George Barbier, 1914


 
PREMIERE EPITAPHE

Dans le pays où les sources naissent de la mer, et où le lit des fleuves est fait de feuilles de roches, moi, Bilitis, je suis née.

Ma mère était Phoïnikienne ; mon père Damophylos, Hellène. Ma mère m'a appris les chants de Byblos, tristes comme la première aube.

J'ai adoré l'Astarté à Kypre. J'ai connu Psappha à Lesbos. J'ai chanté comment j'aimais. Si j'ai bien vécu, Passant, dis-le à ta fille.

Et ne sacrifie pas pour moi la chèvre noire ; mais, en libation douce, presse sa mamelle sur ma tombe.


SECONDE EPITAPHE

Sur les rives sombres du Mélas, à Tamassos de Pamphylie, moi, fille de Damophylos, Bilitis, je suis née. Je repose loin de ma patrie, tu le vois.

Toute enfant, j'ai appris les amours de l'Adôn et de l'Astarté, les mystères de la Syrie sainte, et la mort et le retour vers Celle-aux-paupières-arrondies.

Si j'ai été courtisane, quoi de blâmable ? N'était-ce pas mon devoir de femme ? Etranger, la Mère-de-toutes-choses nous guide. La méconnaître n'est pas prudent.

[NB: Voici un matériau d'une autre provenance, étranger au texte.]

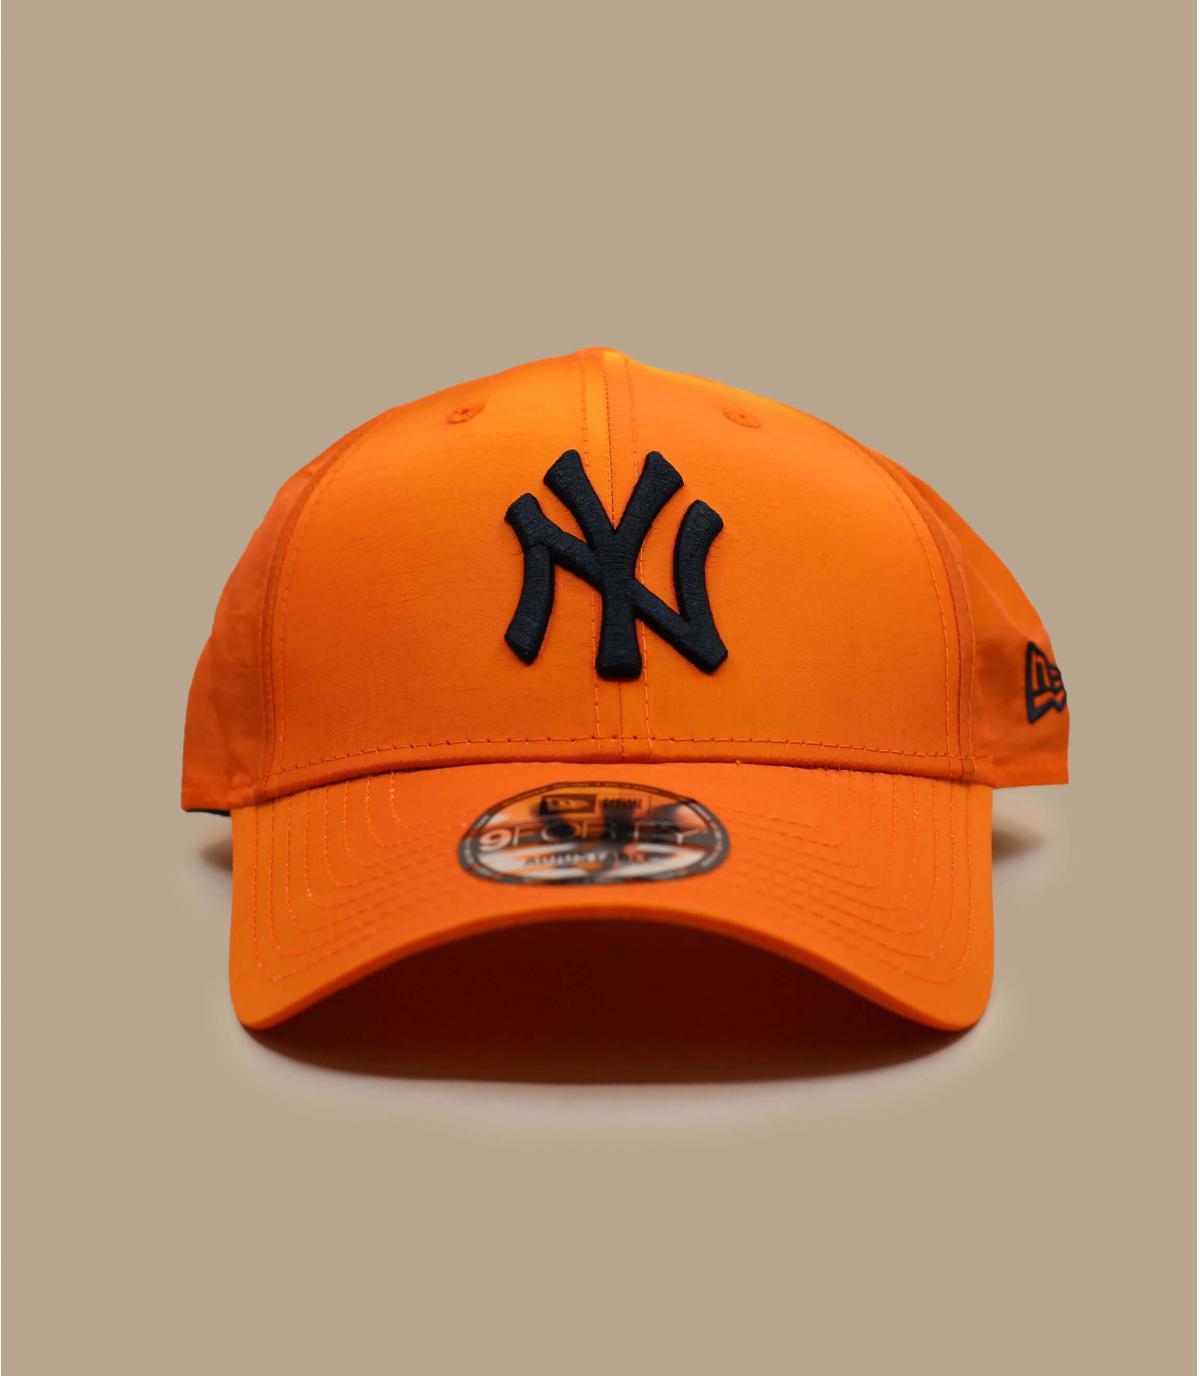 Iridescent orange NY cap

En gratitude à toi qui t'es arrêté, je te souhaite ce destin : Puisses-tu être aimé, ne pas aimer. Adieu. Souviens-toi dans ta vieillesse, que tu as vu mon tombeau.


DERNIERE EPITAPHE

Sous les feuilles noires des lauriers, sous les fleurs amoureuses des roses, c'est ici que je suis couchée, moi qui sus tresser le vers au vers, et faire fleurir le baiser.

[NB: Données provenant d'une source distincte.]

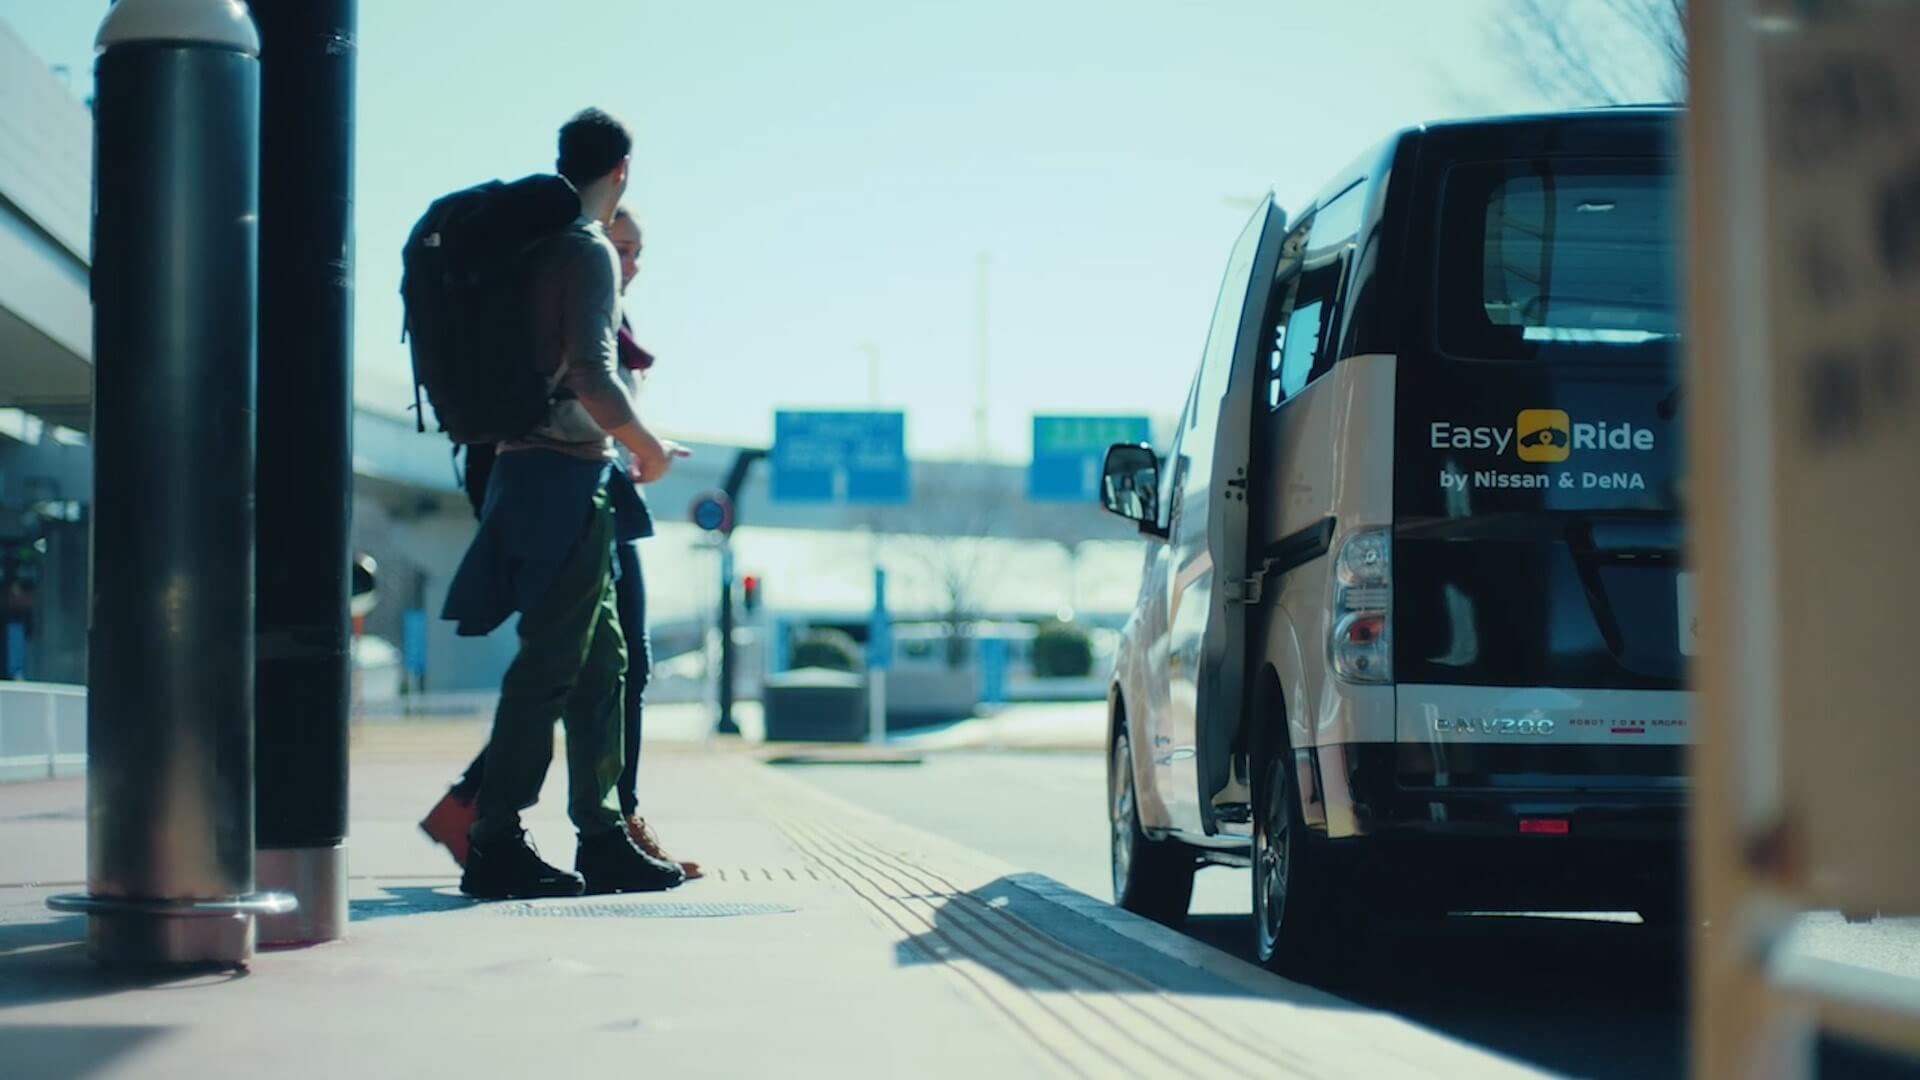 Беспилотные такси Easy Ride

J'ai grandi sur la terre des nymphes ; j'ai vécu dans l'île des amies ; je suis morte dans l'île de Kypris. C'est pourquoi mon nom est illustre et ma stèle frottée d'huile.

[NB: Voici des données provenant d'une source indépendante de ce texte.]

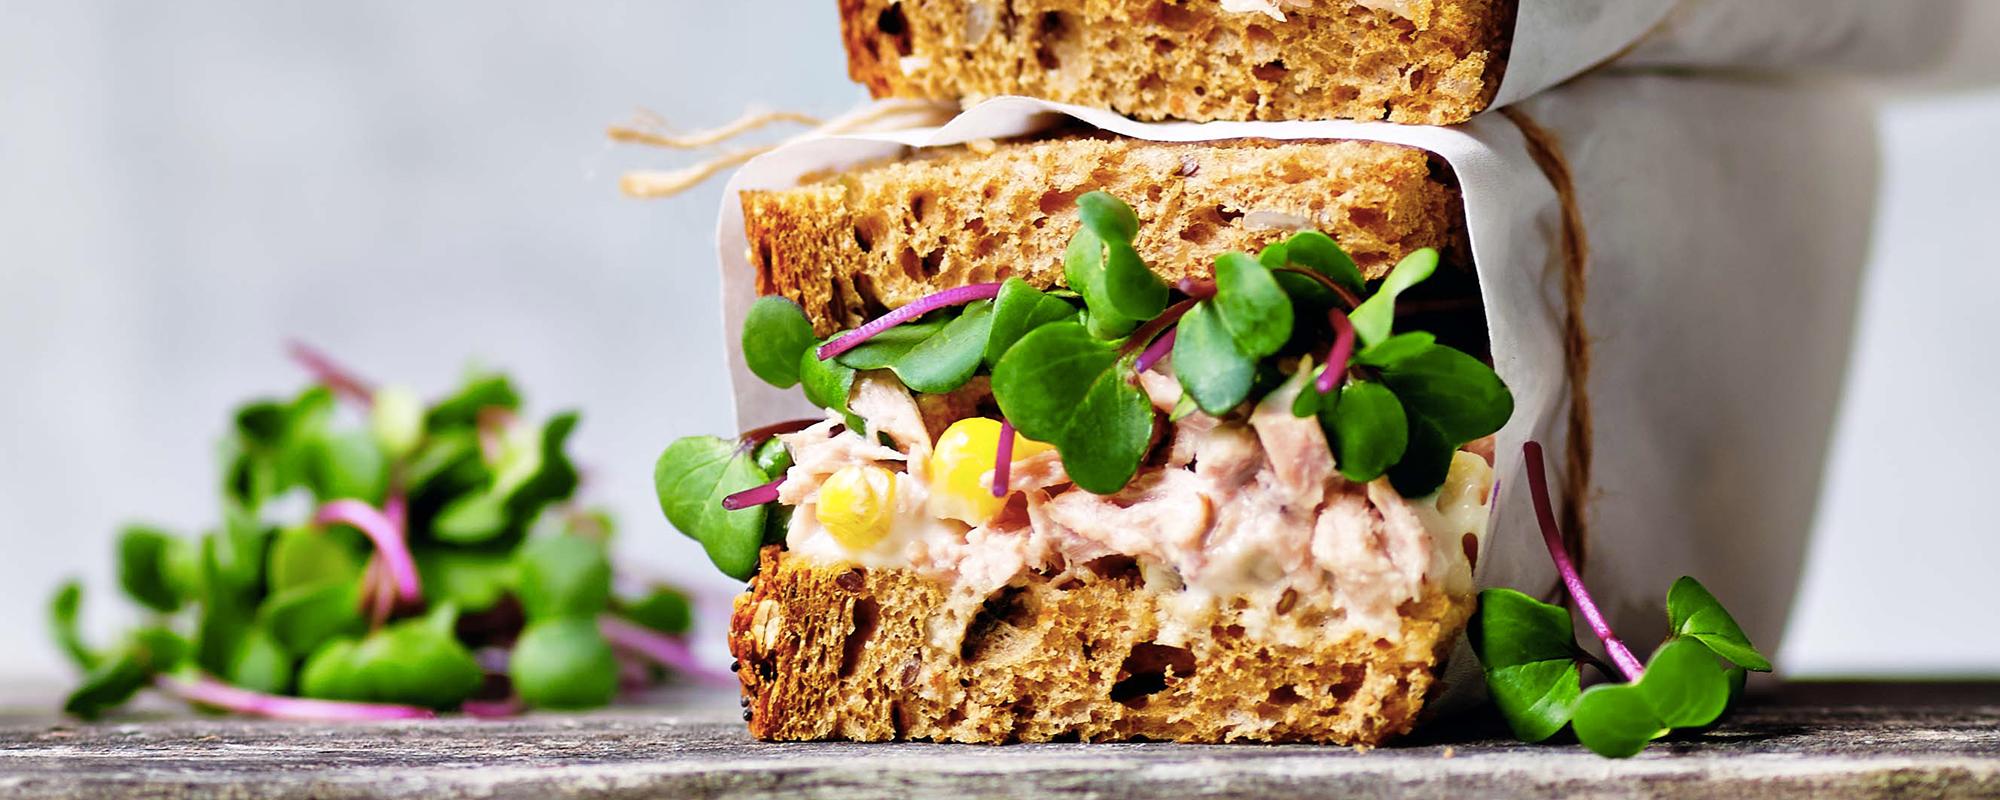 Tuna mayonnaise with Pink Radish

Ne me pleure pas, toi qui t'arrêtes : on m'a fait de belles funérailles, les pleureuses se sont arraché les joues, on a couché dans ma tombe mes miroirs et mes colliers.

Et maintenant, sur les pâles prairies d'asphodèles, je me promème, ombre impalpable, et le souvenir de ma vie terrestre est la joie de ma vie souterraine.